WORK ITEM: From the listing below, output only the lines starting at the line that has "Geomorph Gurps Mega Dungeon" and ending at the line that has "謎めいたスペースストリングドローン...の再生済みの波形", exactly as they appear, ends included.

AVAILABLE RECORDS:
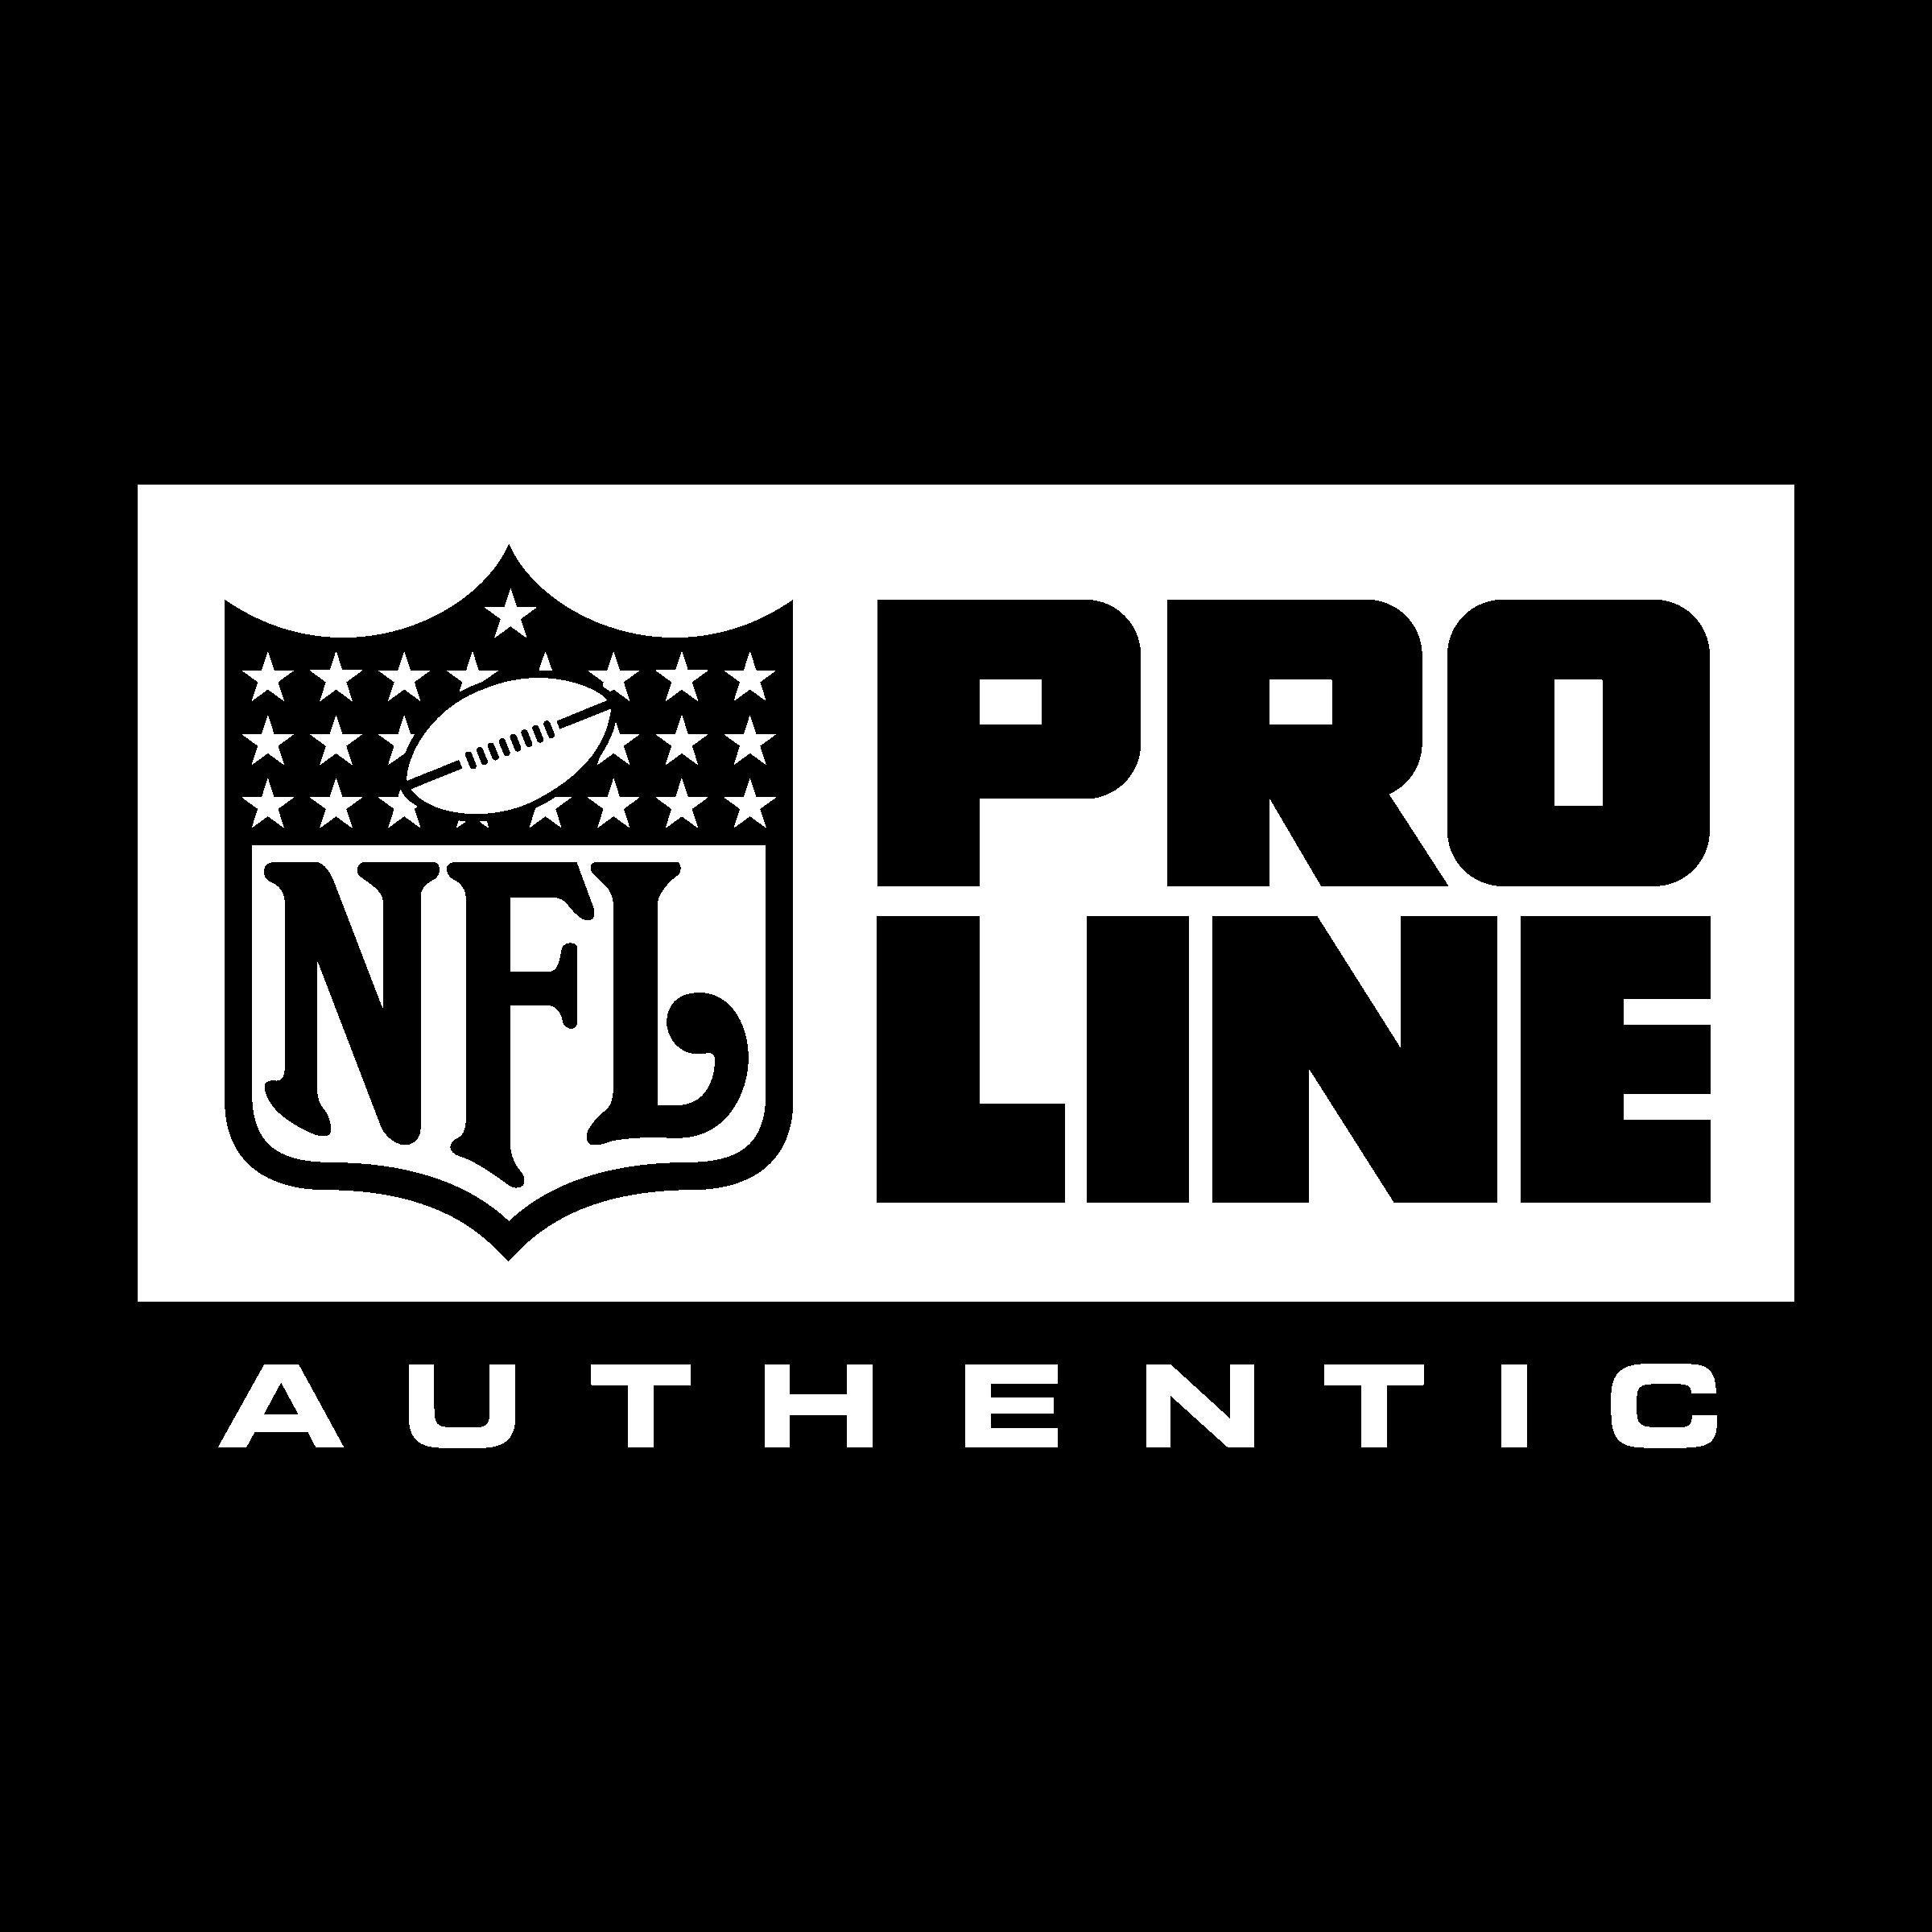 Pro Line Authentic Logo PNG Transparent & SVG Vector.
--
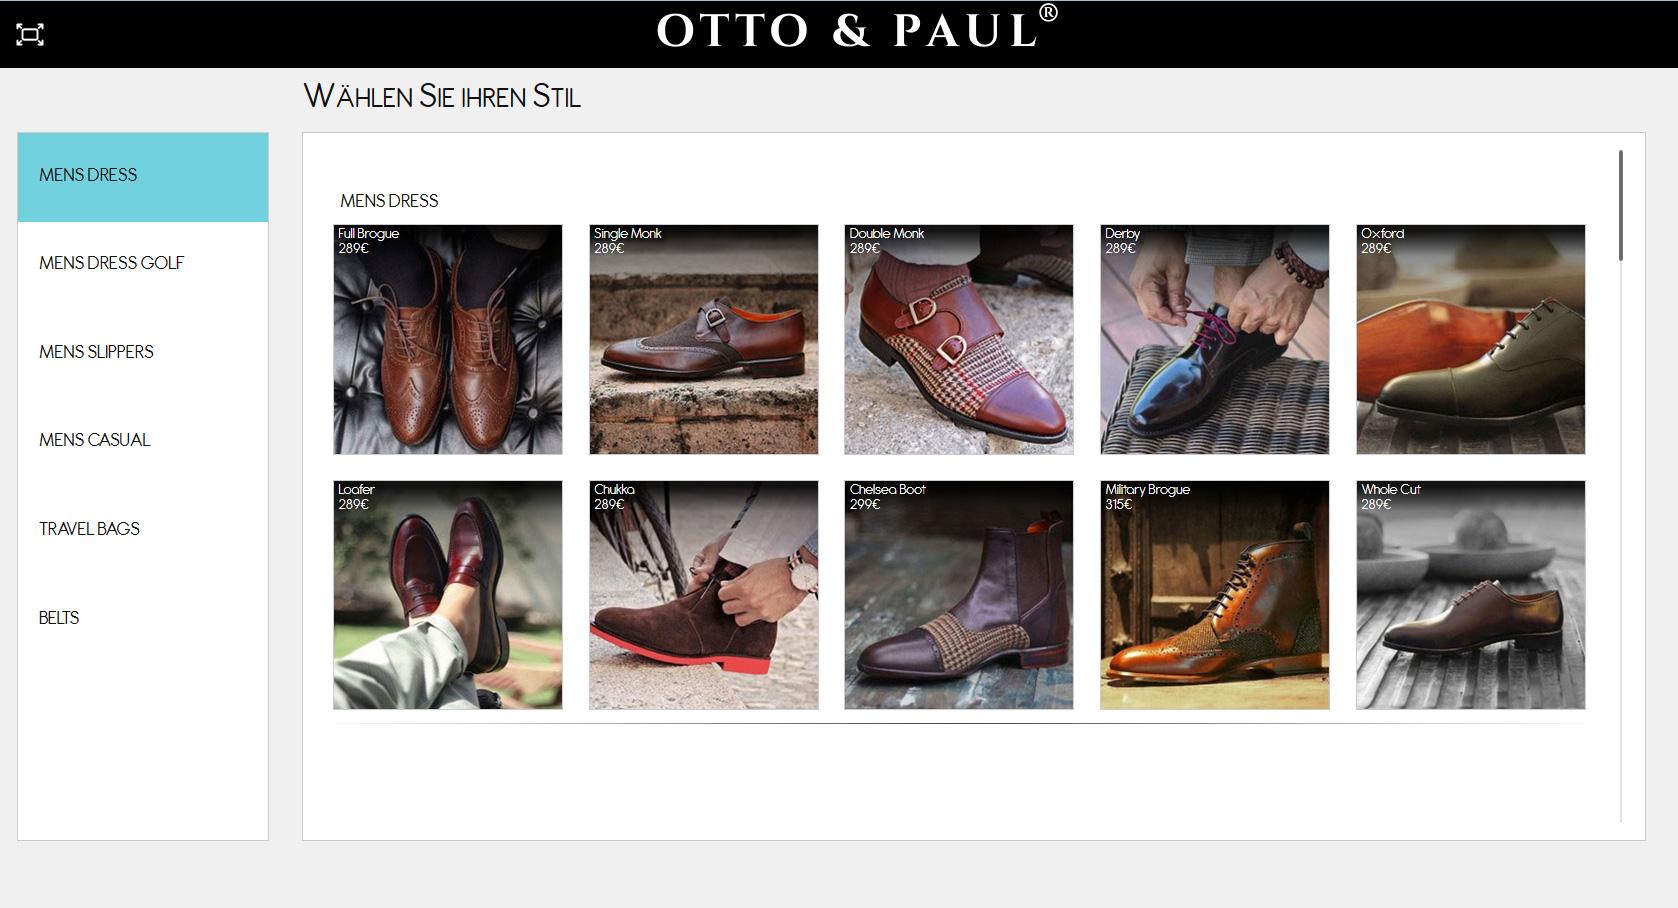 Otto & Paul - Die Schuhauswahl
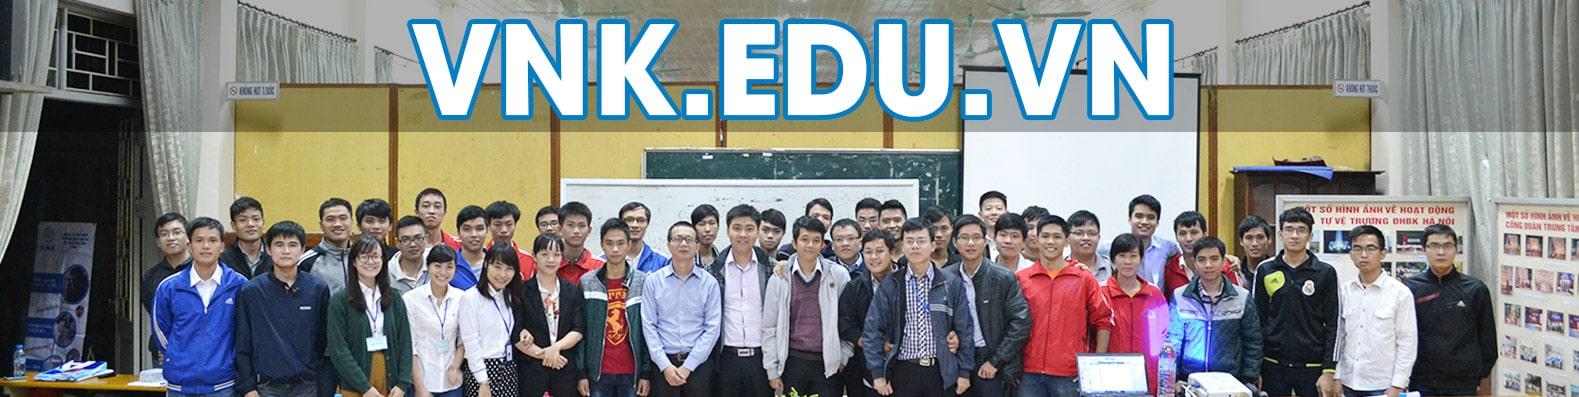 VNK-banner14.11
==
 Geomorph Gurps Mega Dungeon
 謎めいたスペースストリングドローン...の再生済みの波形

RESPONSE:
 Geomorph Gurps Mega Dungeon
 謎めいたスペースストリングドローン...の再生済みの波形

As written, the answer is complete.